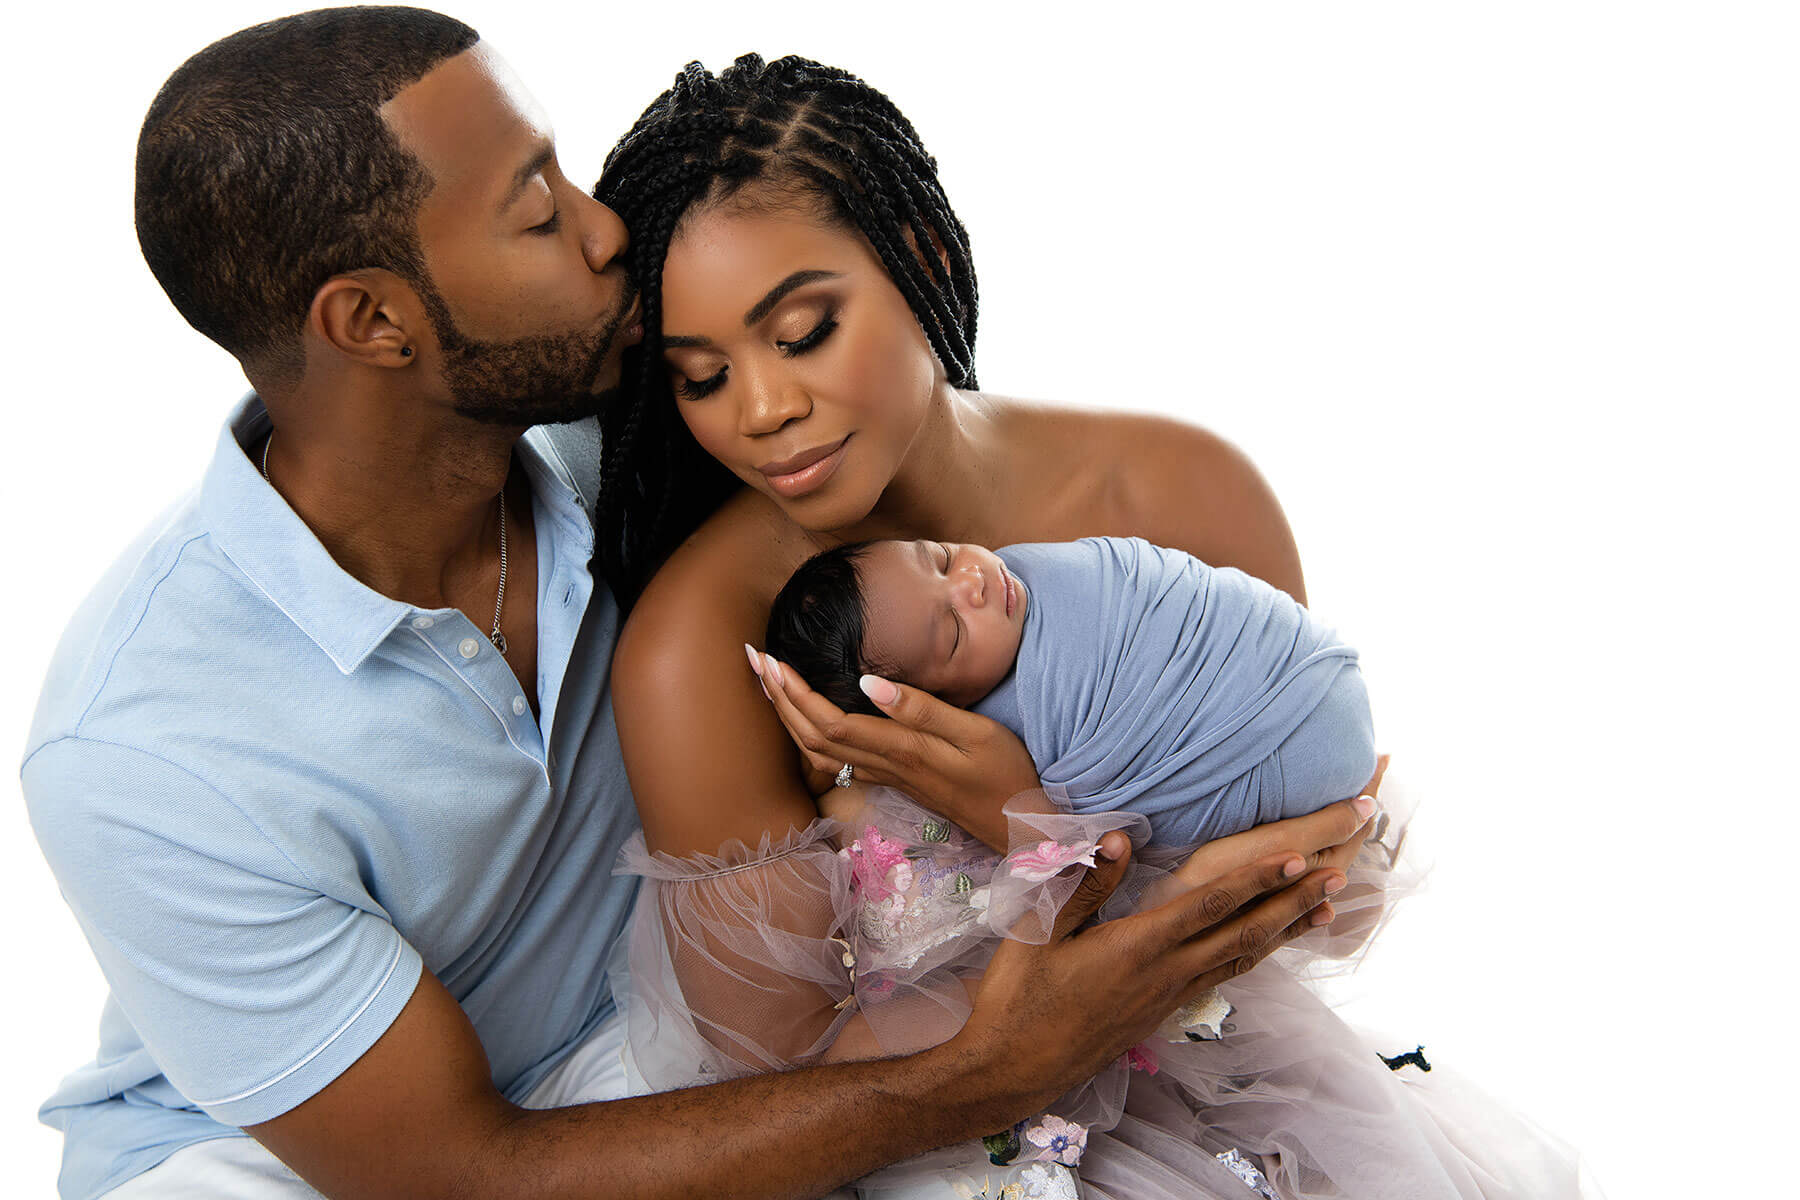 family photography ideas for newborn photo session
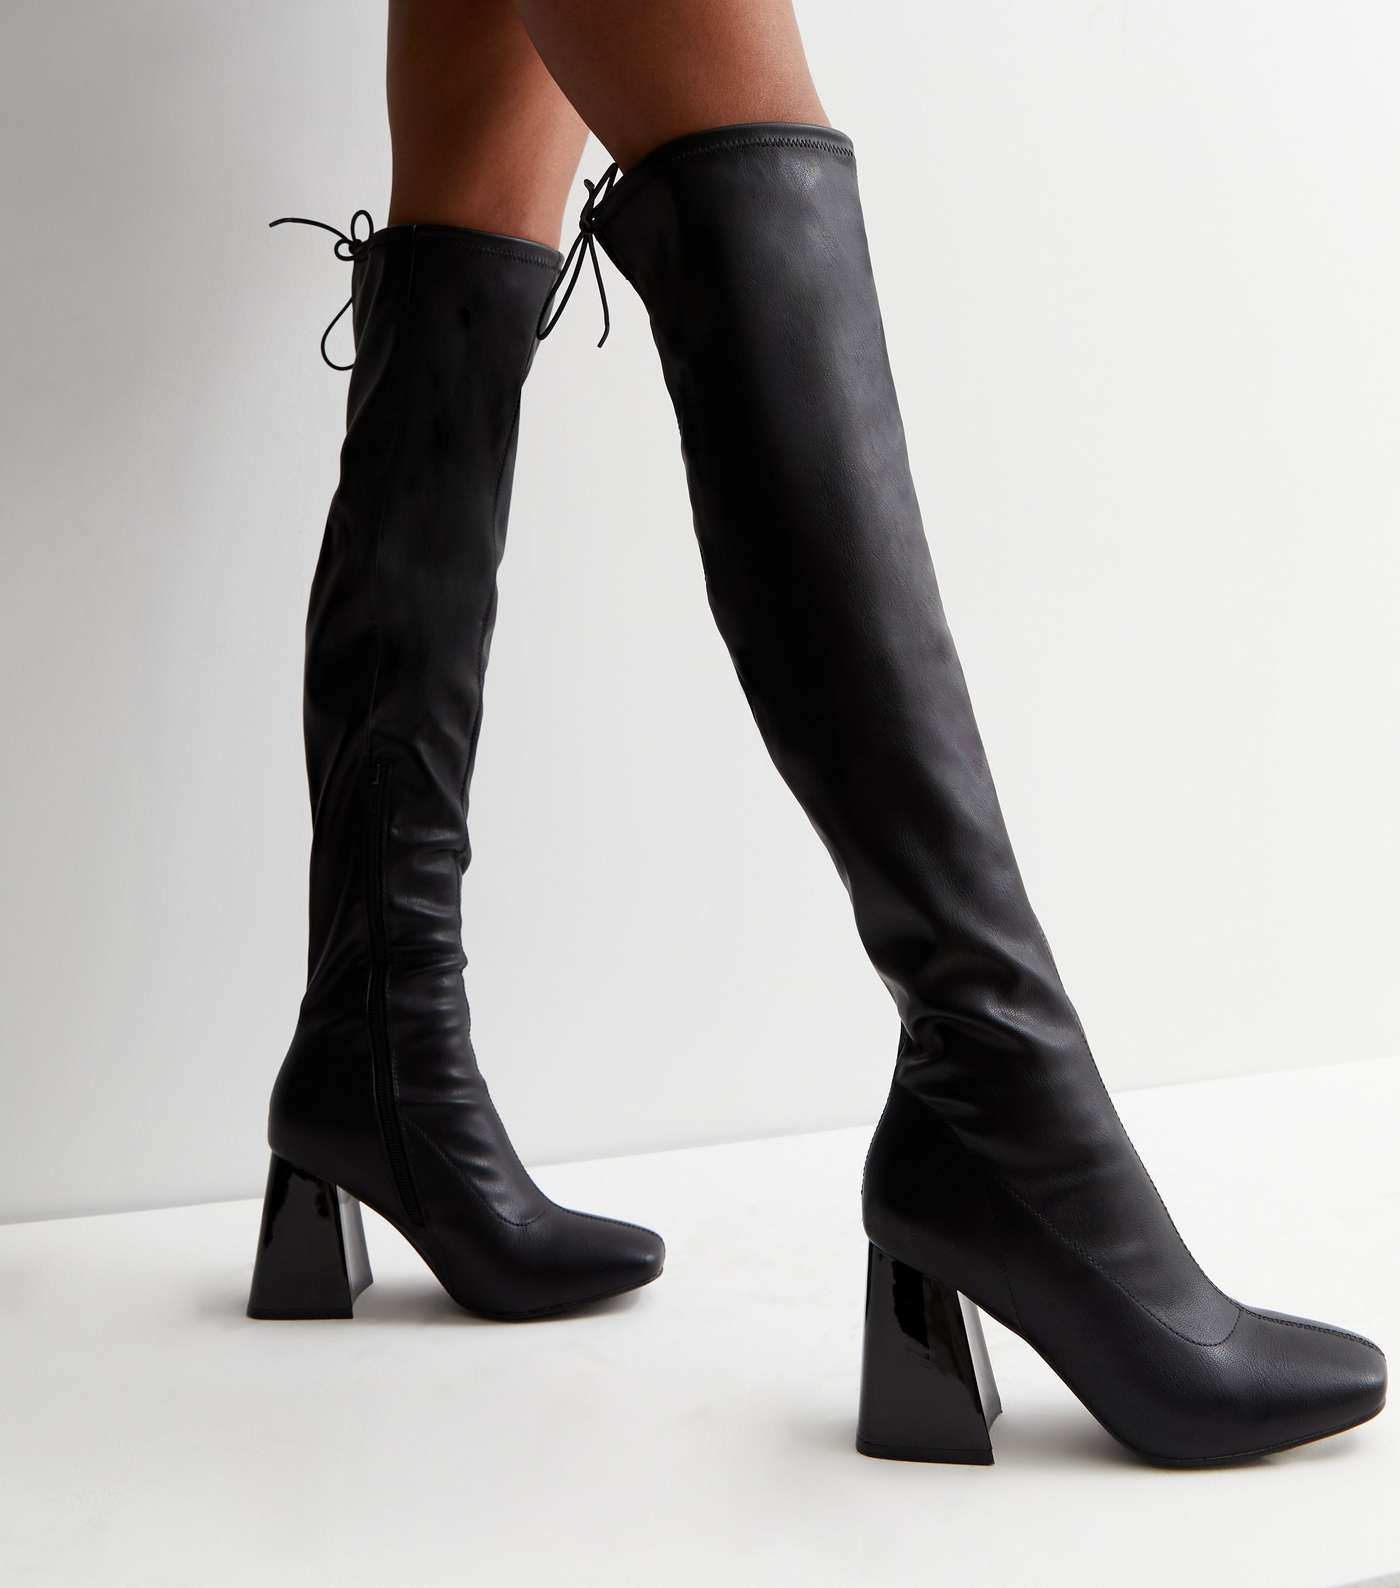 Black Over the Knee Flared Block Heel Stretch Boots Image 2
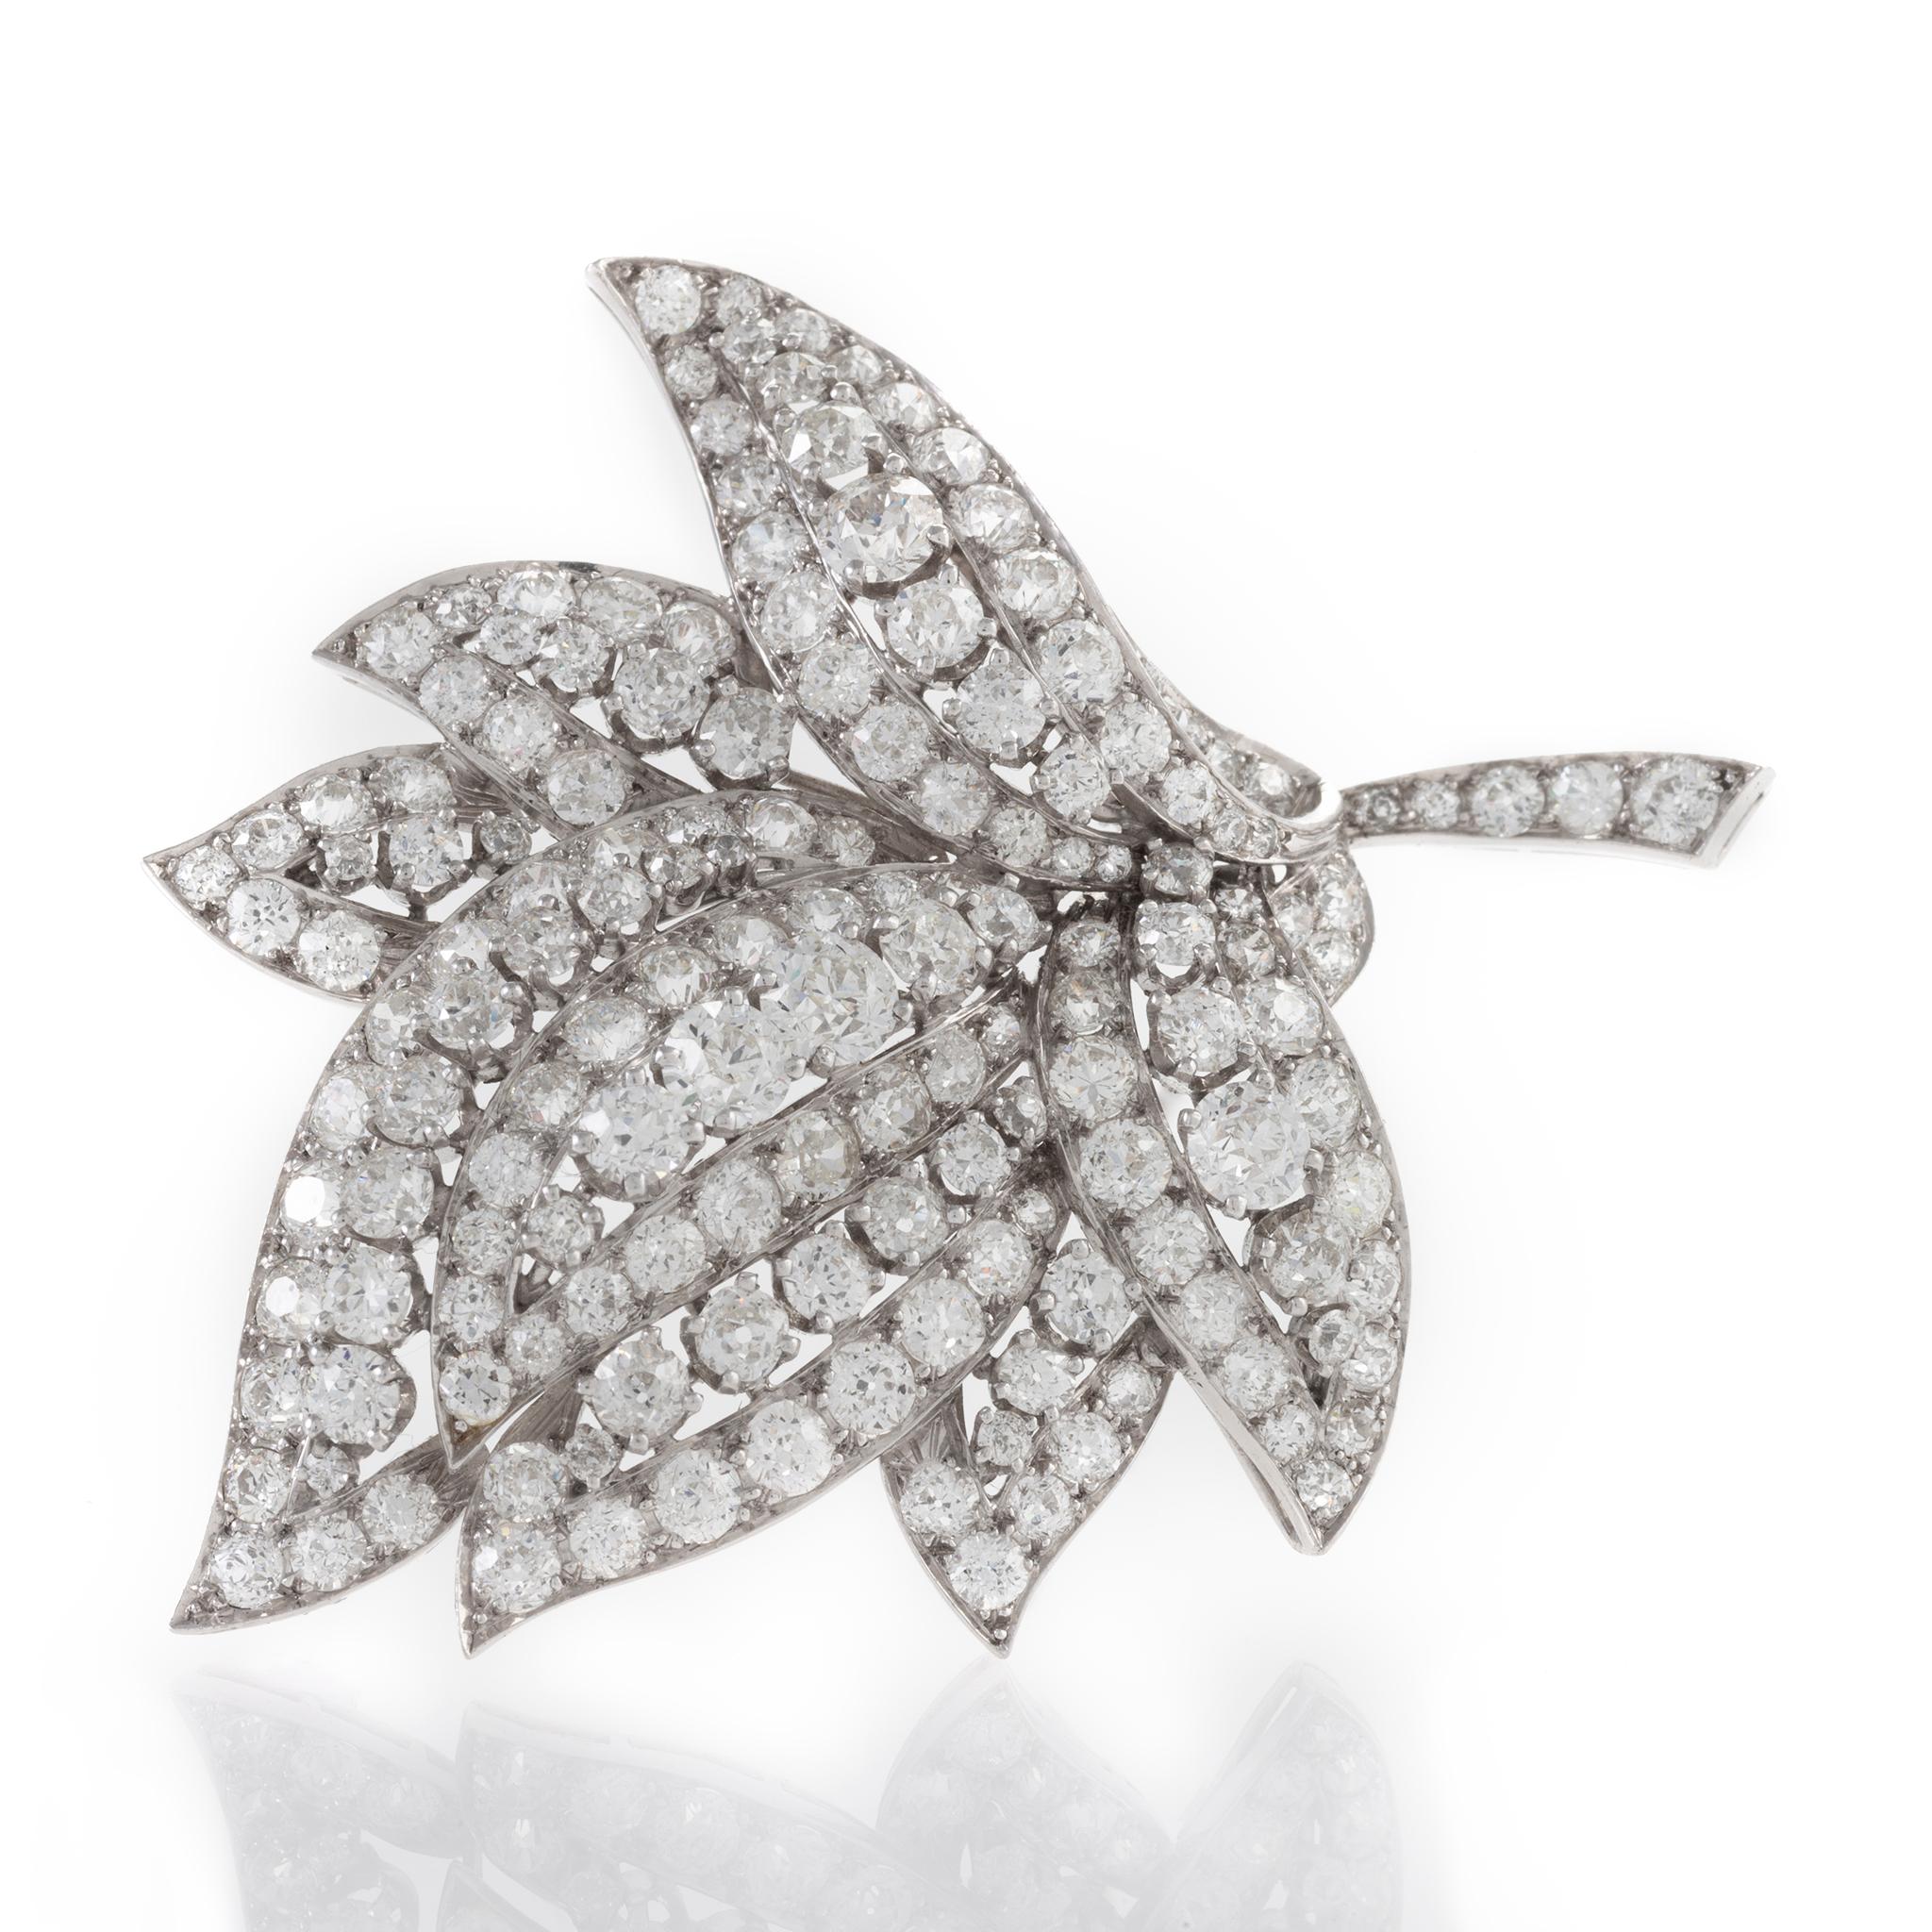 Thoughtfully-observed naturalism heightens the striking beauty of this Art Deco diamond leaf brooch, set in platinum. The sculptural modeling of the leaves and their asymmetrical, layered placement are wonderfully lifelike–the variation in diamond
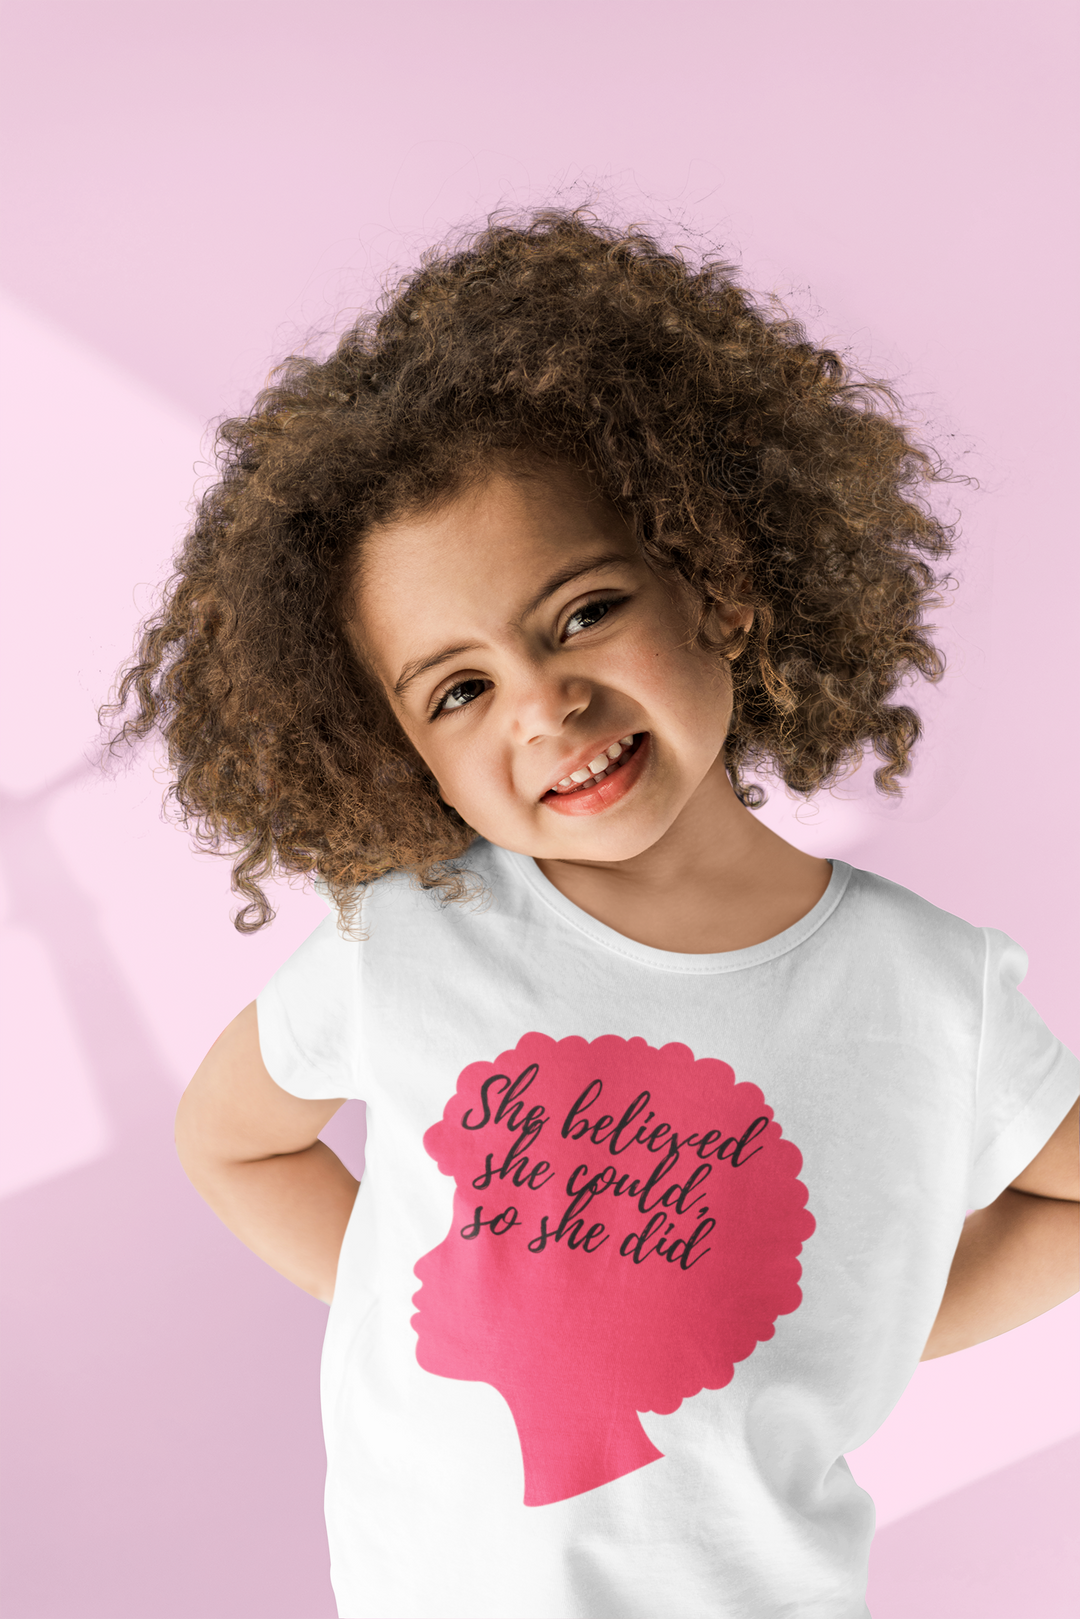 She believed she could, so she did. Girl power t-shirts for toddlers and kids.

**Work request:** Transcribe the whole listing exactly but exclude images.

**Problem solution:**
 family photography ideas for newborn photo session
 Black Over the Knee Flared Block Heel Stretch Boots Image 2
 Thoughtfully-observed naturalism heightens the striking beauty of this Art Deco diamond leaf brooch, set in platinum. The sculptural modeling of the leaves and their asymmetrical, layered placement are wonderfully lifelike–the variation in diamond
 She believed she could, so she did. Girl power t-shirts for toddlers and kids.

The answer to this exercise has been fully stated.